Task directions: Look for the line with "U1 Südtiroler Platz: Am" in the data below, then reproduce word for word that line and every line after it. Leave out all pictures and add nothing.

Information shown Block Start

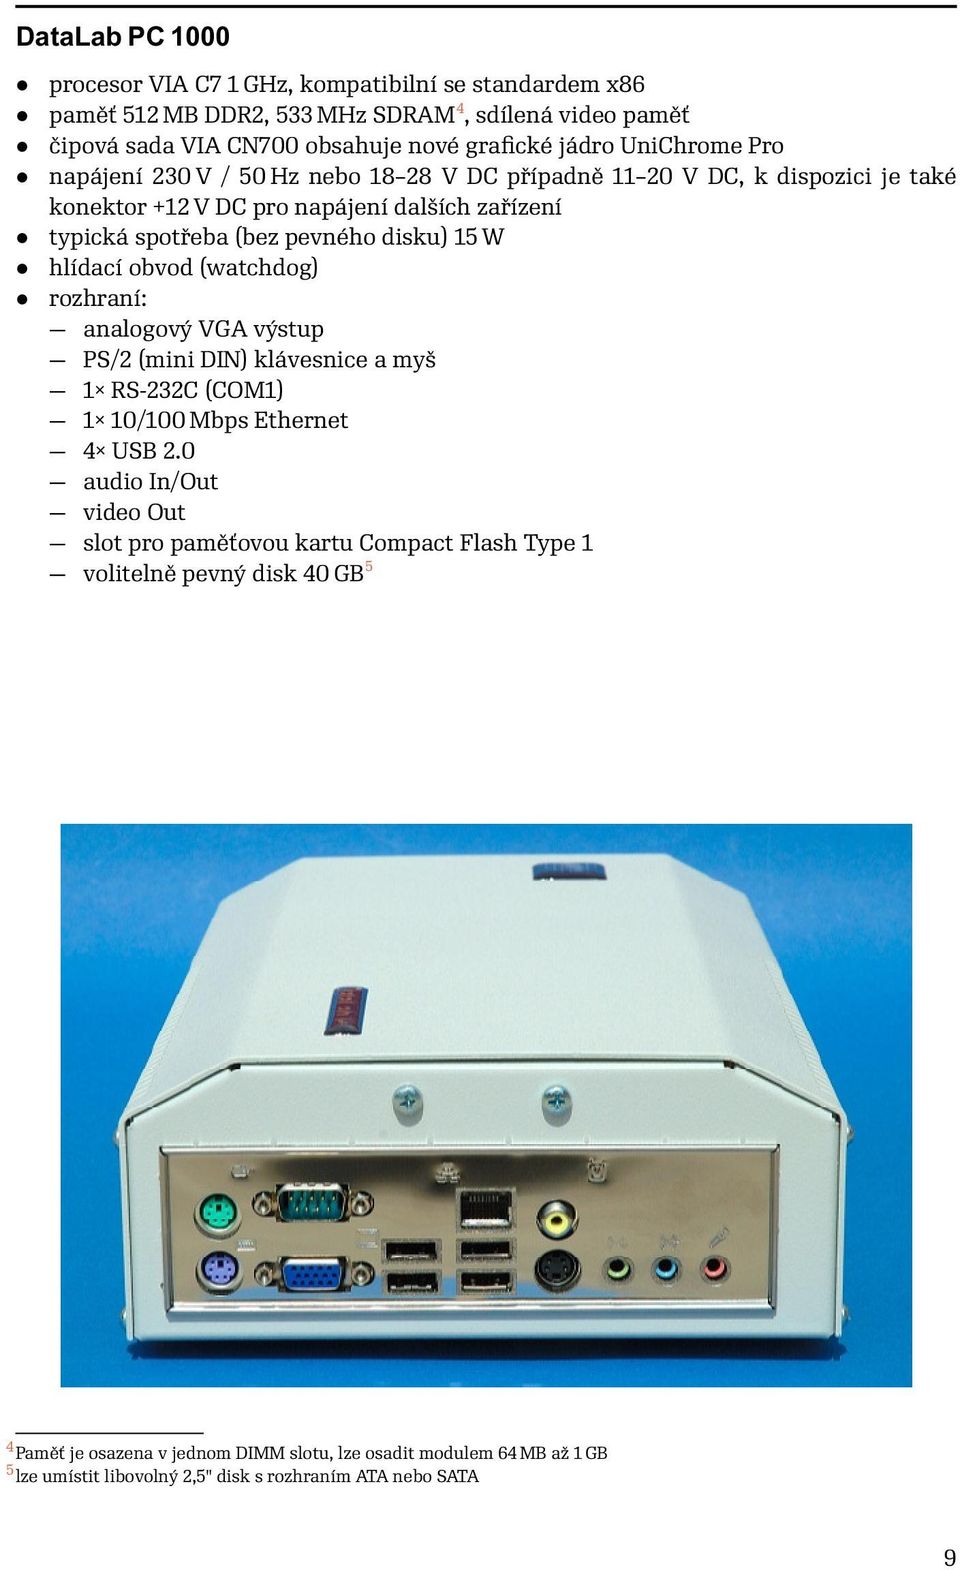 W hlídací obvod (watchdog) rozhraní: analogový VGA výstup PS/2 (mini DIN) klávesnice a myš 1 RS-232C (COM1) 1 10/100 Mbps Ethernet 4 USB 2.
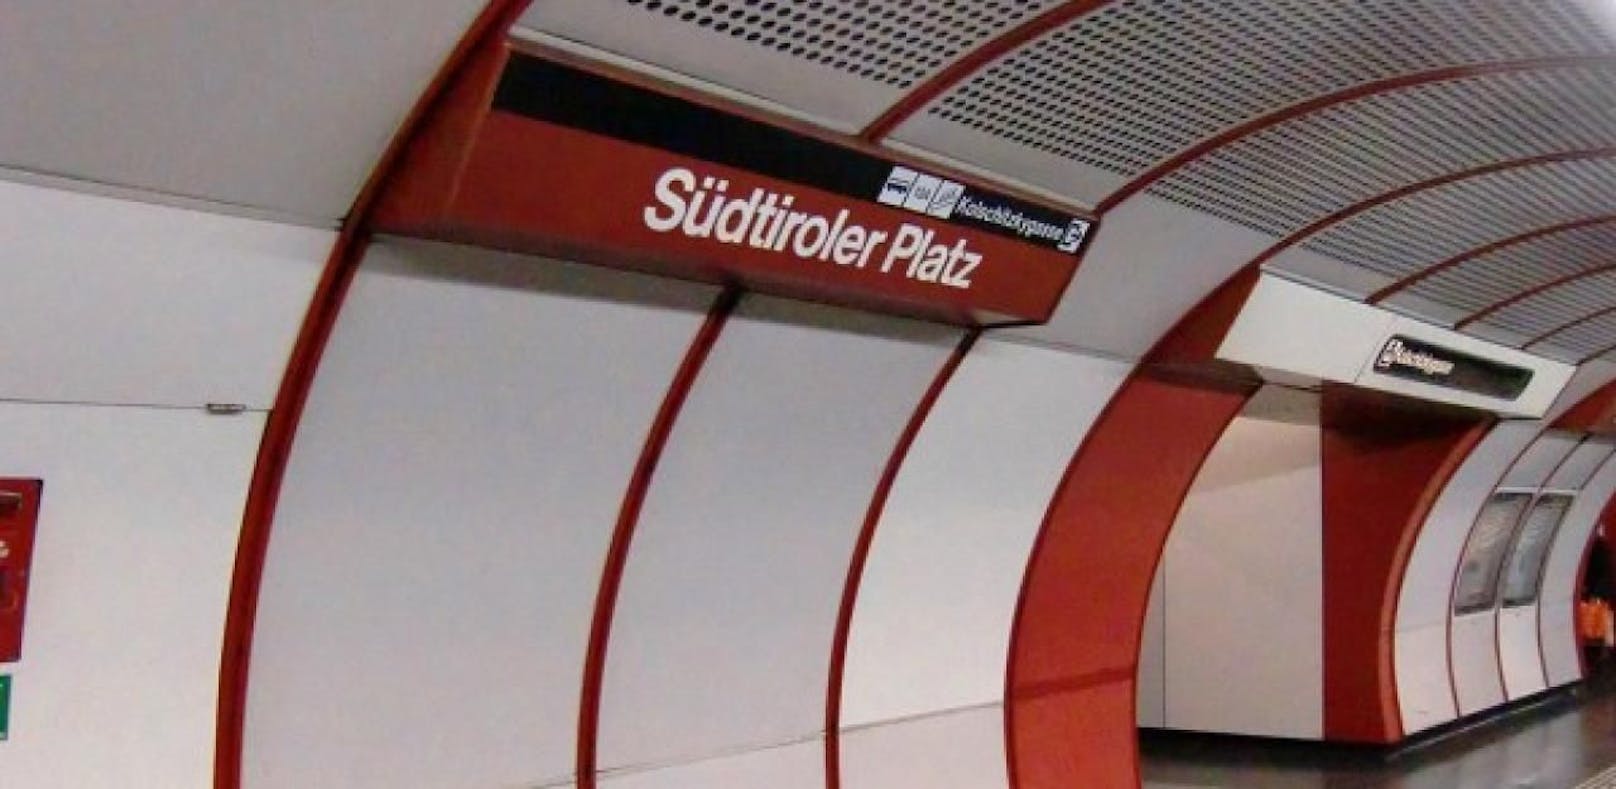 U1 Südtiroler Platz: Am Abgang in die Station urinierte der Mann, dann rastete er aus
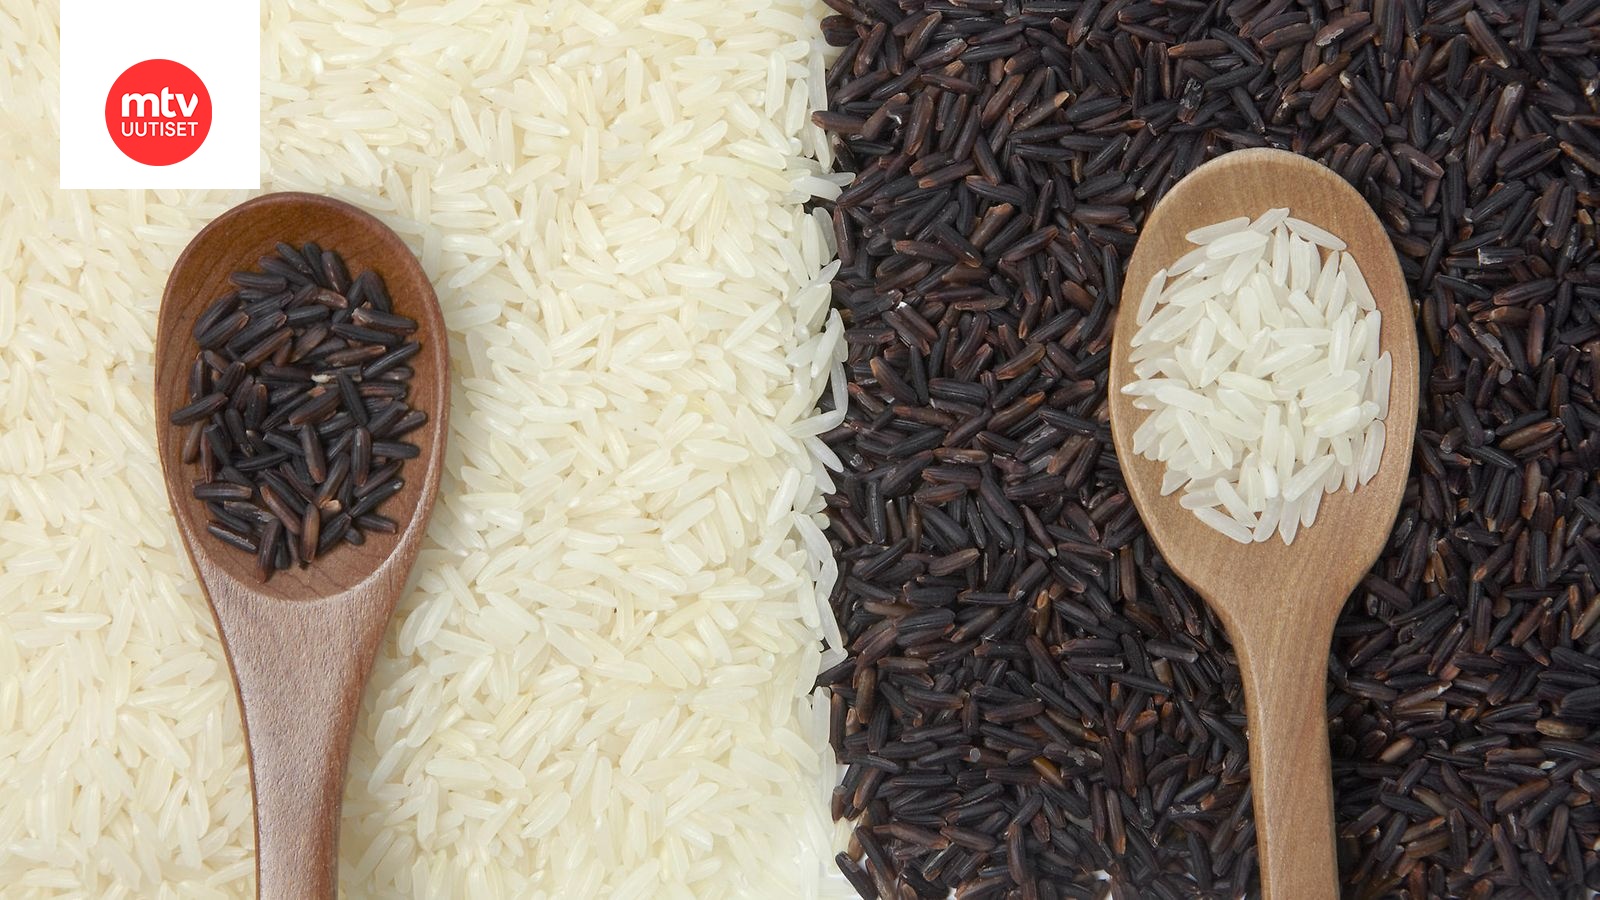 Tumma riisi ei ehkä sittenkään ole valkoista parempi vaihtoehto – kumpaa  kannattaa syödä? | Makuja | MTV Uutiset
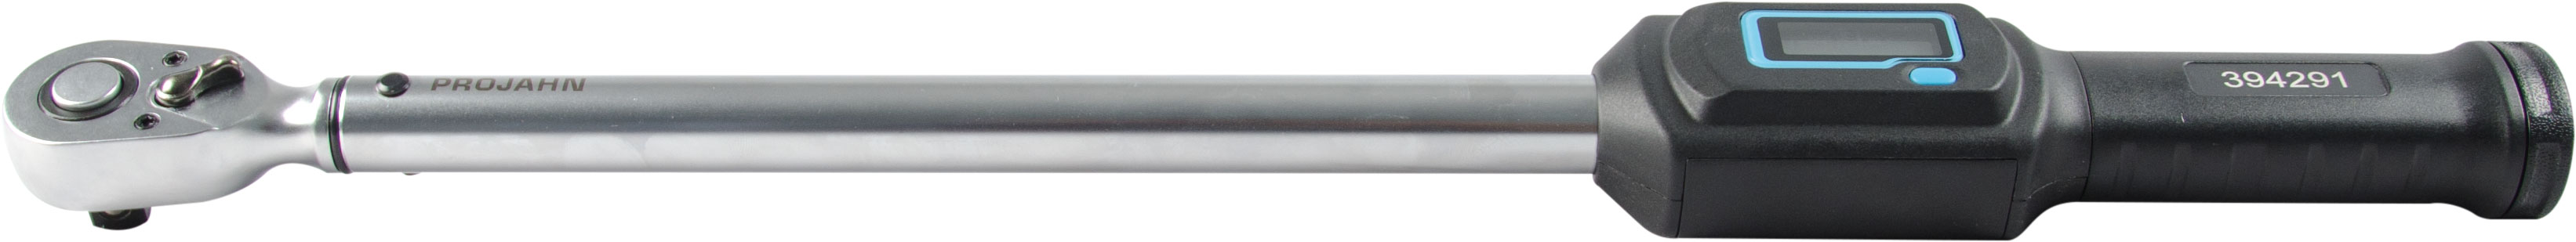 Torque wrench XYXYX21101
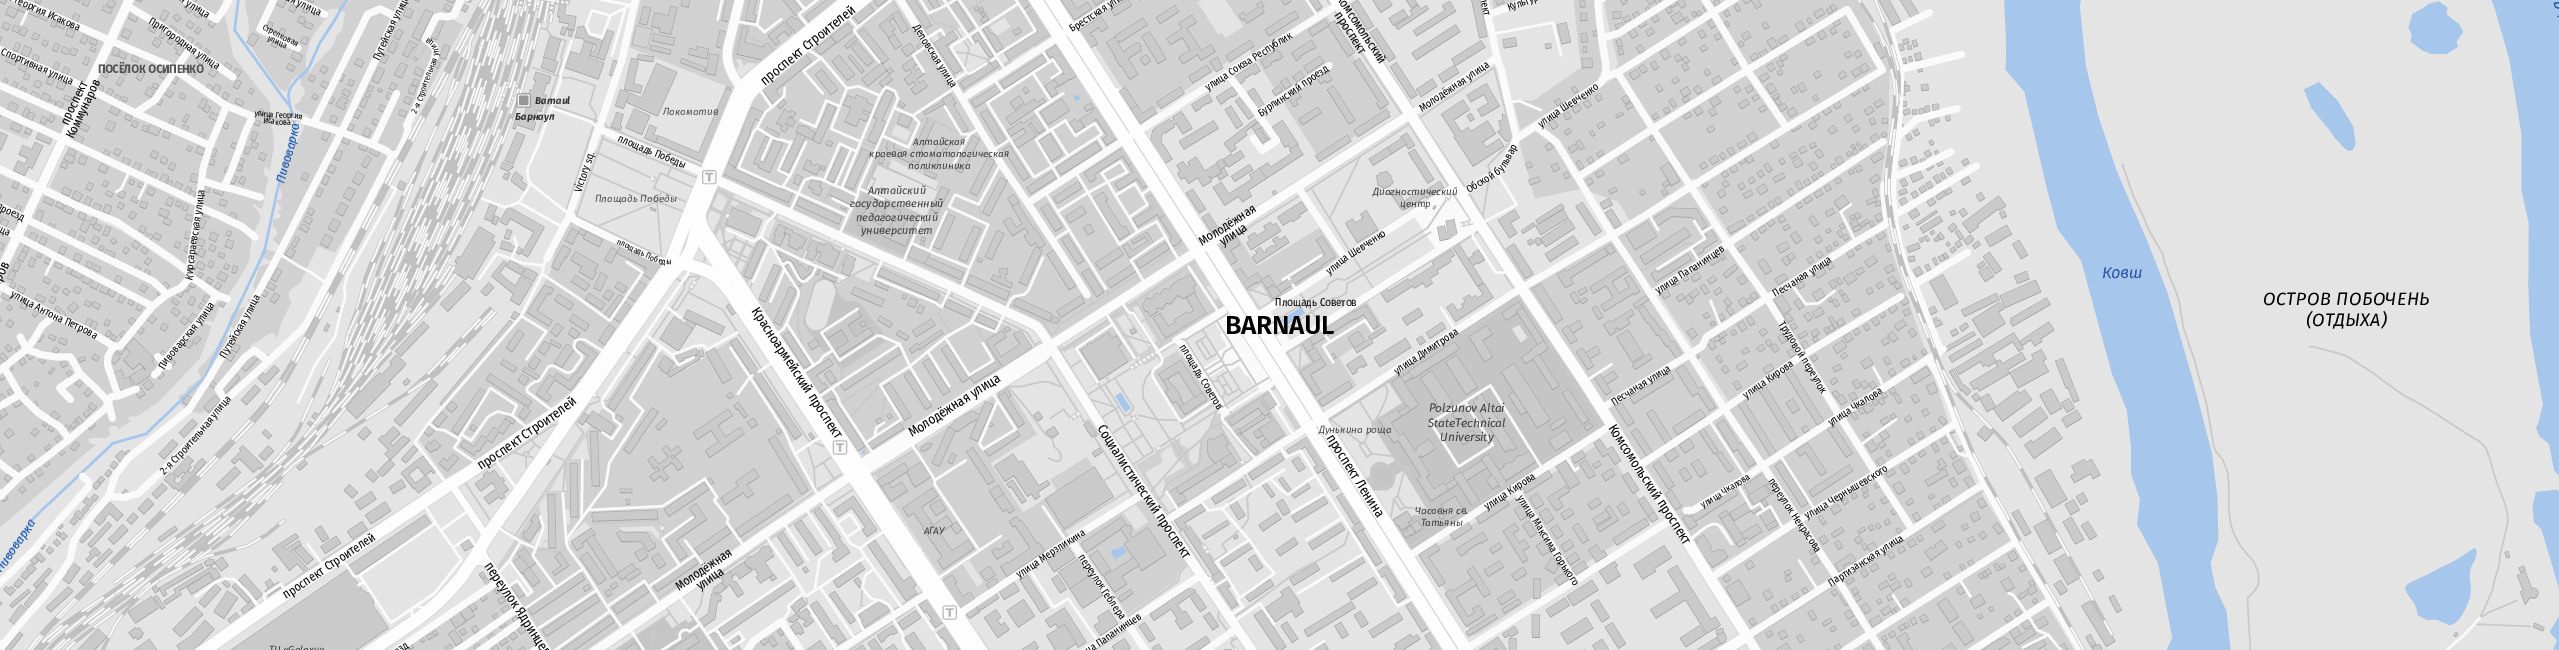 Stadtplan Barnaul zum Downloaden.

Information shown Block End

Output:
 U1 Südtiroler Platz: Am Abgang in die Station urinierte der Mann, dann rastete er aus
 Tumma riisi ei ehkä sittenkään ole valkoista parempi vaihtoehto – kumpaa  kannattaa syödä? | Makuja | MTV Uutiset
 Torque wrench XYXYX21101
 Stadtplan Barnaul zum Downloaden.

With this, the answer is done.